What about the zoom groom?


----------



## Graco22 (Jul 16, 2007)

A zoom groom is most effective used in circular motions, which is going to just tangle long coats. A rubber curry (horse item) can be used effectively in long sweeping/flicking motions.


----------



## Donna5503 (Mar 13, 2009)

Hi...I use the Furminator on my dog -- but he has an undercoat...(boy, does he!)...and it works great!

As for your dog -- it probably will do the trick -- don't put too much pressure on it while you brush him being he doesn't have an undercoat -- I also bought the Furminator Brand Spray - it's a waterless way to clean your dog in between baths -- it smells great, makes the coat silky soft & shiny & also helps with the shedding. I use it once a week -- spray it on (not too much) - rub it in - and brush. ....it's great!

I bought the brush on Ebay - Petsmart wanted $50.00 (I bought the medium one (yellow handle) -- I got it on Ebay for $30.00 including shipping.


----------



## tigress (Feb 6, 2008)

I've been bathing dogs for a few months at the store I work at.

It really depends on your dog. There are labs with coats that it does wonders for (you should have seen the chocolate lab I did yesterday). There is also labs where it does very little.

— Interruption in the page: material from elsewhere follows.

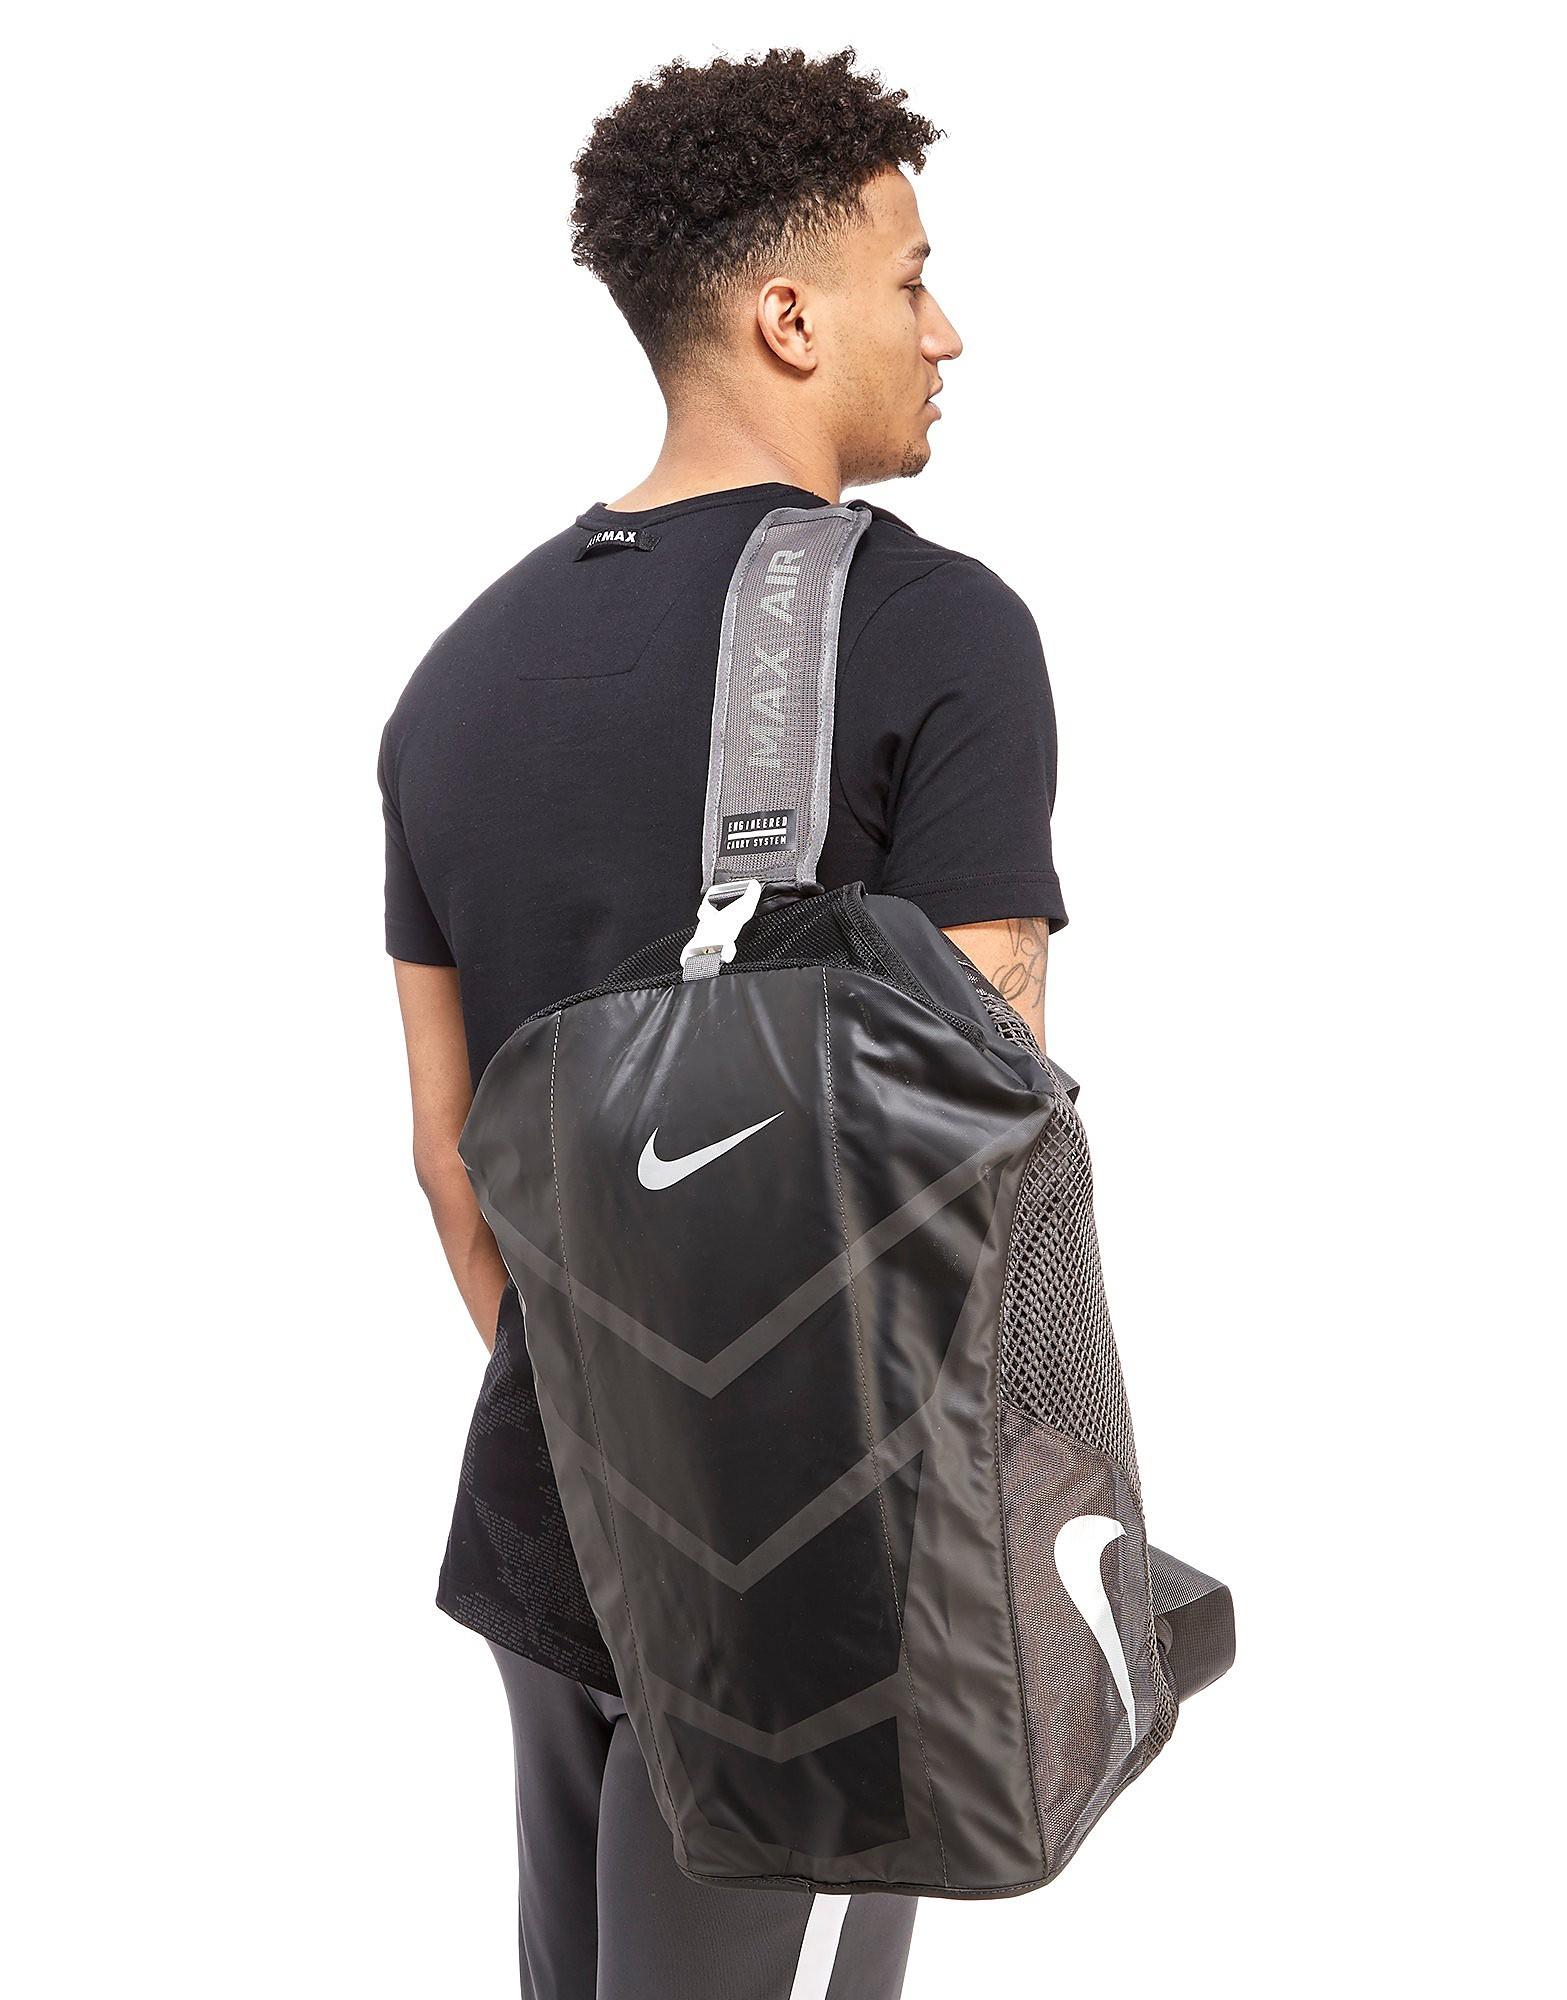 Nike Vapor Max Duffle Bag

As some one said, it raelly is for undercoat (and is not so good on long coated dogs like goldens). Dogs with coats like pit bulls or boxers it will be useless on. Some labs it will do great, some it won't get much (same with pugs). So I'd say if your dog has a coat more like a pitbull or boxer for example, definitely not worht the money. You could see what their return policy is. I know Petsmart will lte you return it if you are not satisfied within 60 days but don't know Petco's policy.

I'd almost guess if he has a soft coat you may have undercoat there (I find dogs with no undercoat don't tend to have all that soft fur).

I find it helps with lab type coats to use the zoom groom as well (even if you use the furminator). Even with my dog that has more of a husky coat (furminators do great with these coats  ) the zoom groom will remove the loose gaurd hairs that the furminator doesn't get.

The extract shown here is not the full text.